What to do »
An exact copy of the data is required. No picture may appear in it.

Data shown »
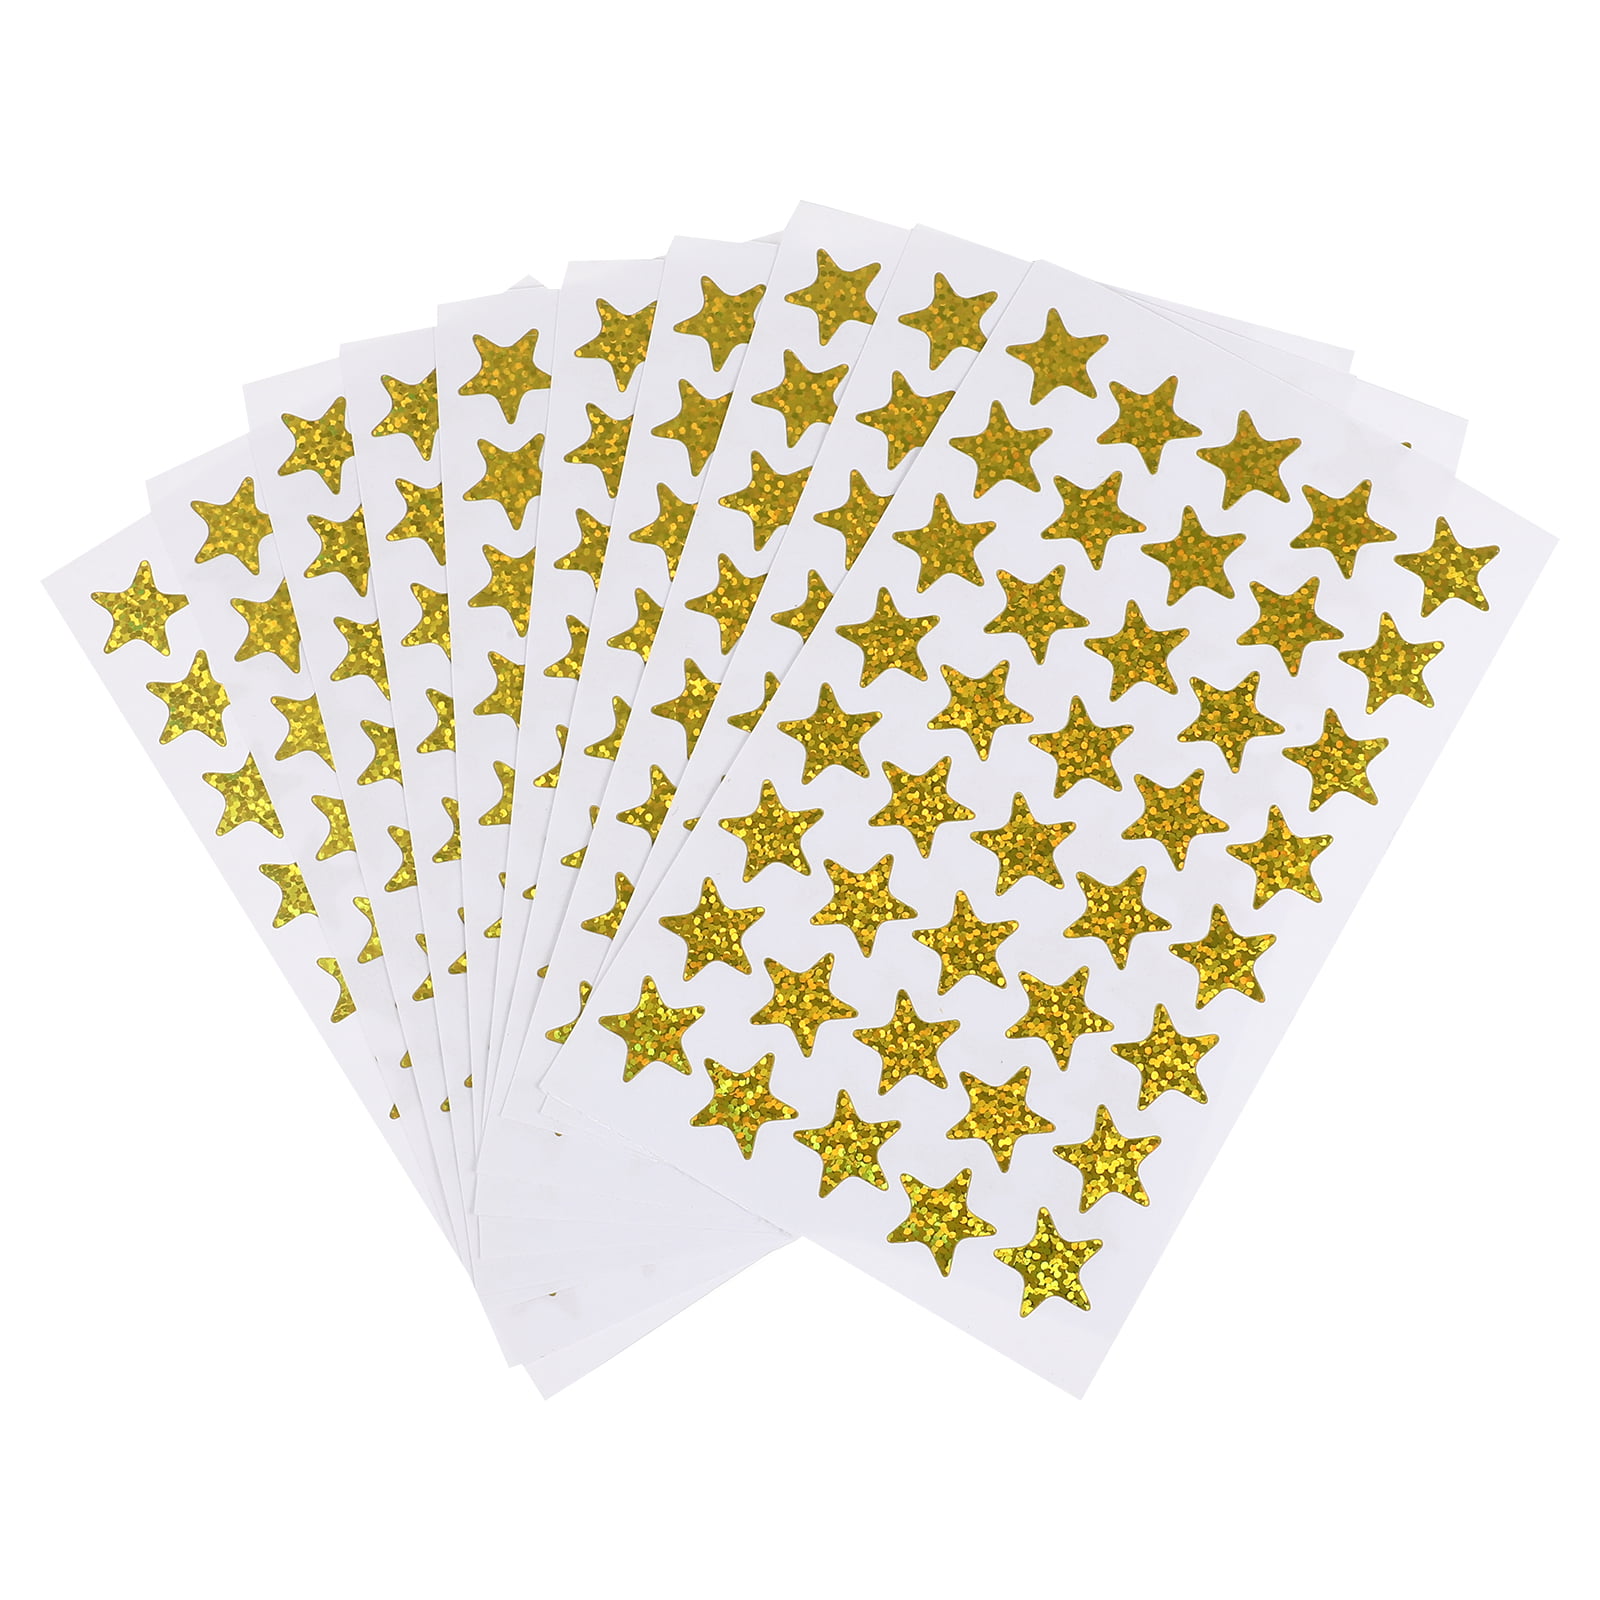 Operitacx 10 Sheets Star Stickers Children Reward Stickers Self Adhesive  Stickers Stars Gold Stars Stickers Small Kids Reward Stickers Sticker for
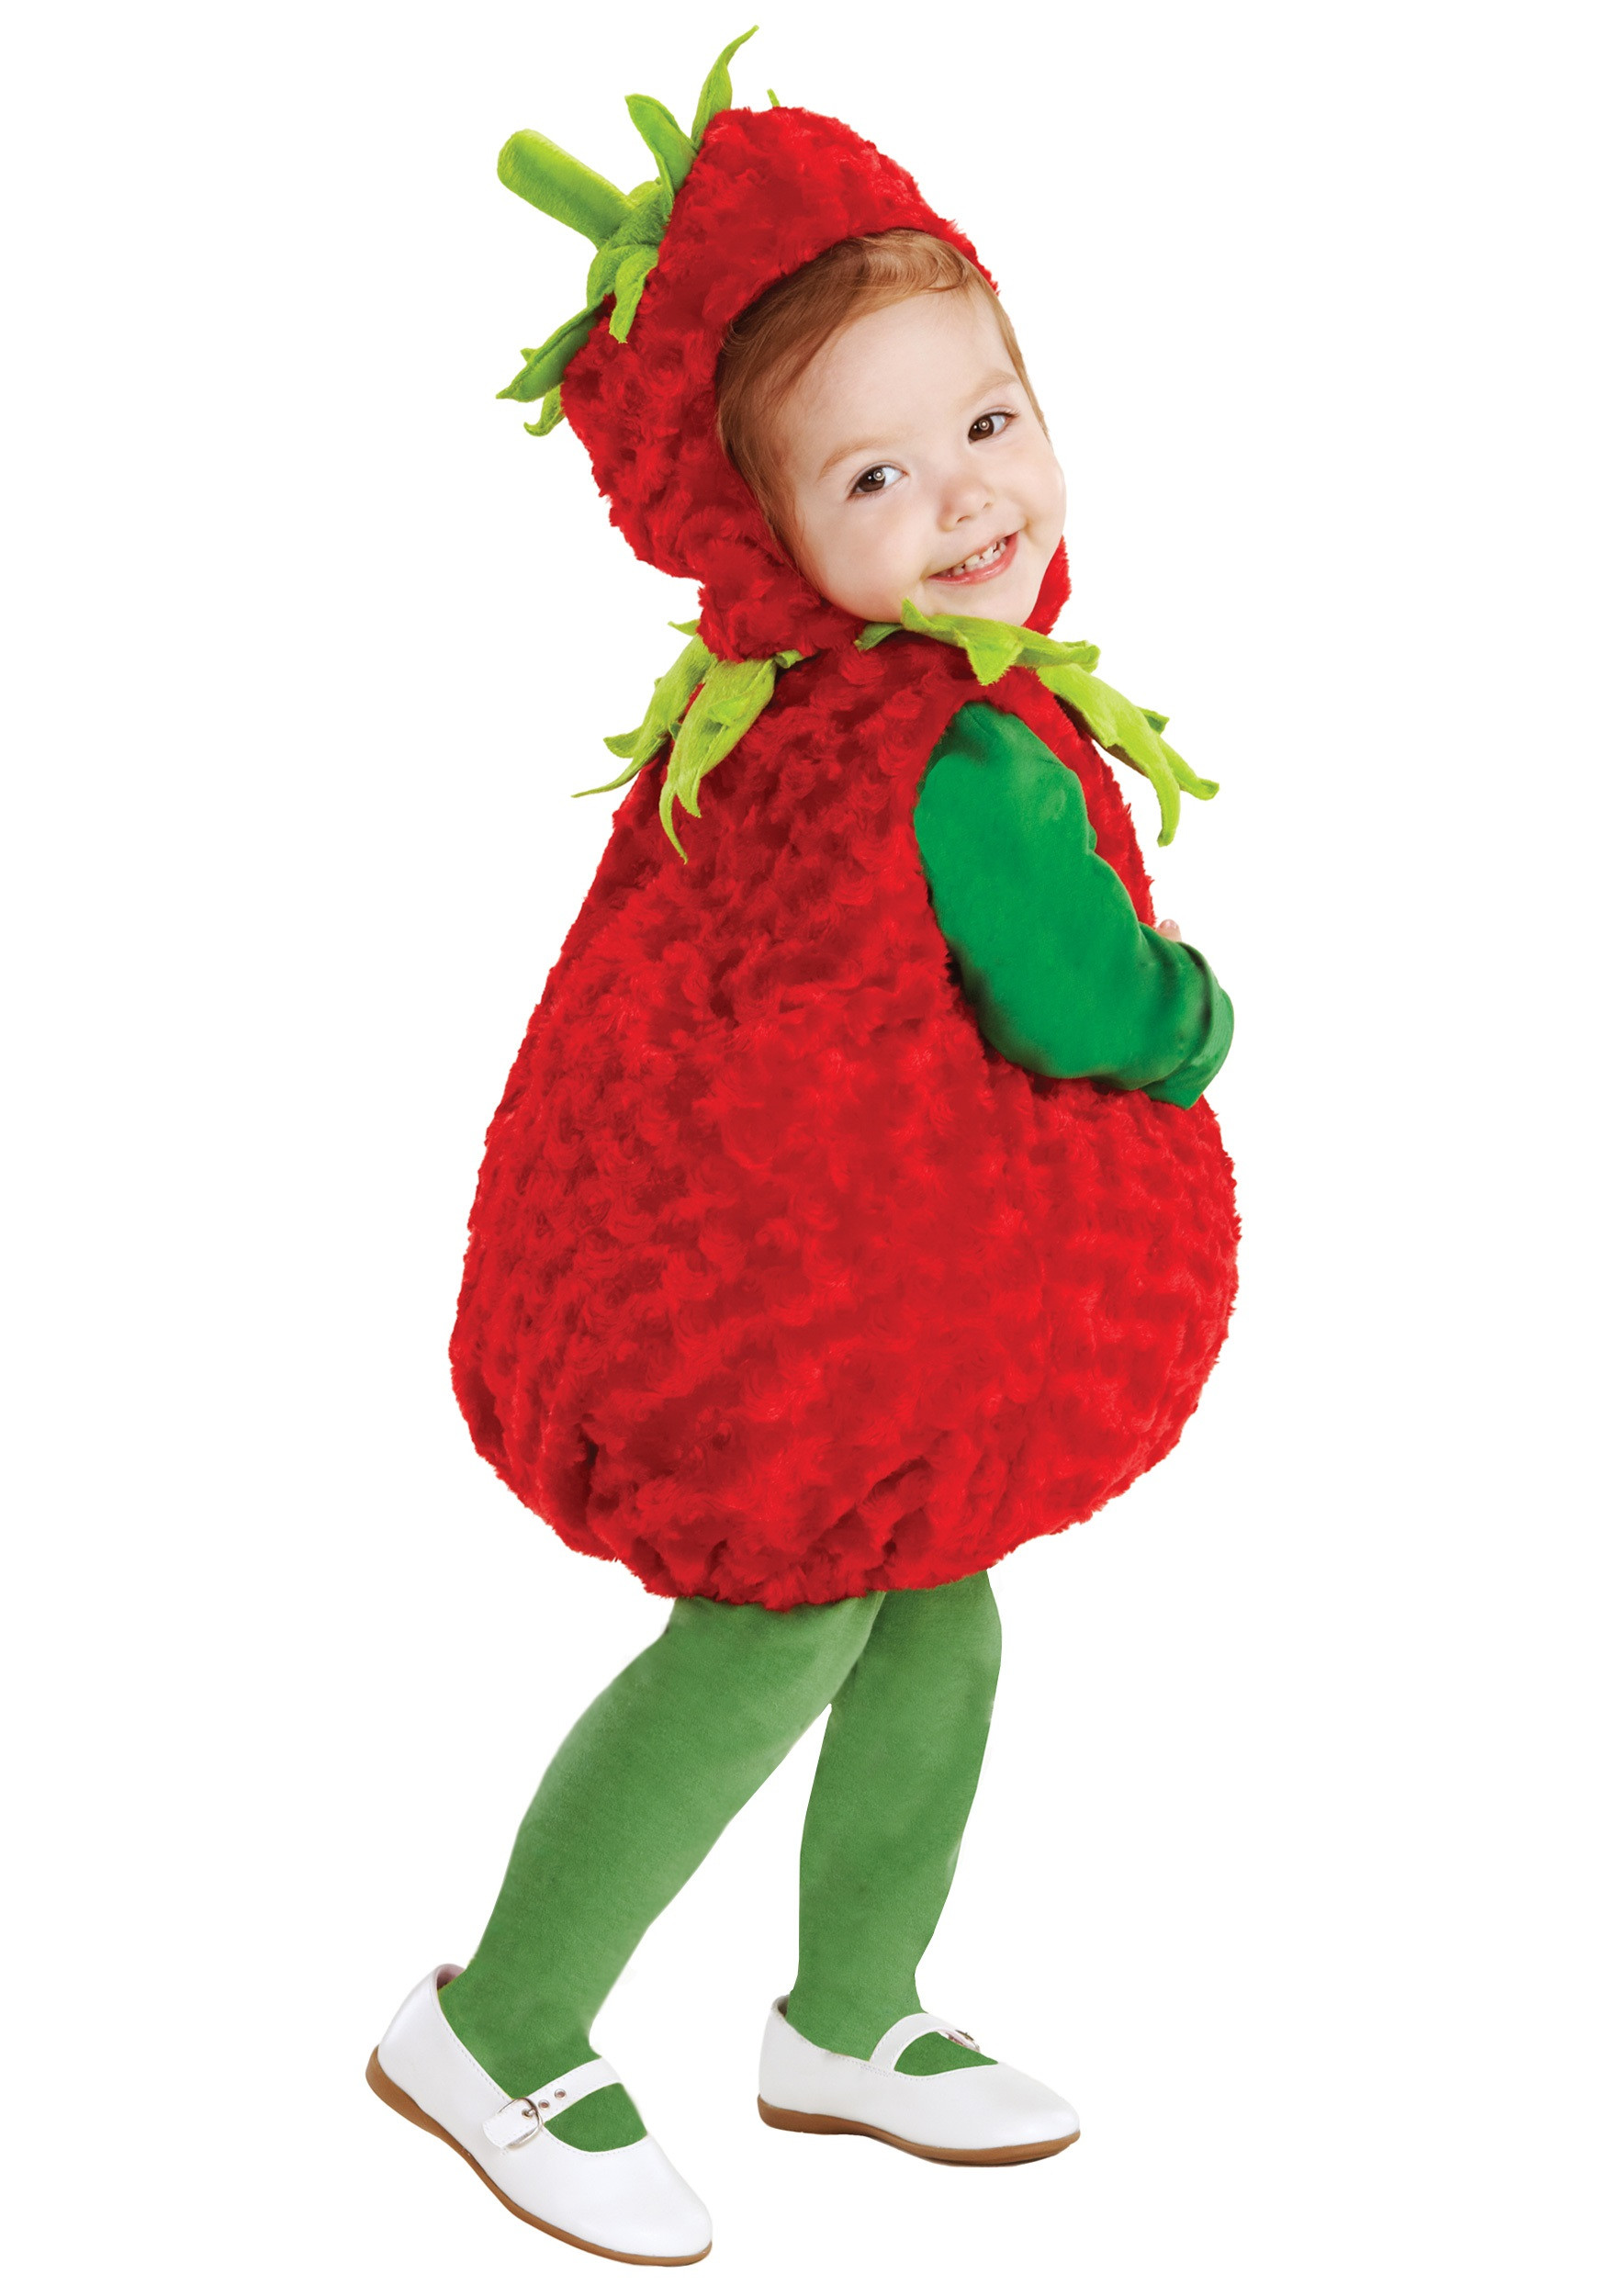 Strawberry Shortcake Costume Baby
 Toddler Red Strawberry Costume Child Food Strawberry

Answer to this problem »
 Operitacx 10 Sheets Star Stickers Children Reward Stickers Self Adhesive  Stickers Stars Gold Stars Stickers Small Kids Reward Stickers Sticker for
 Strawberry Shortcake Costume Baby
 Toddler Red Strawberry Costume Child Food Strawberry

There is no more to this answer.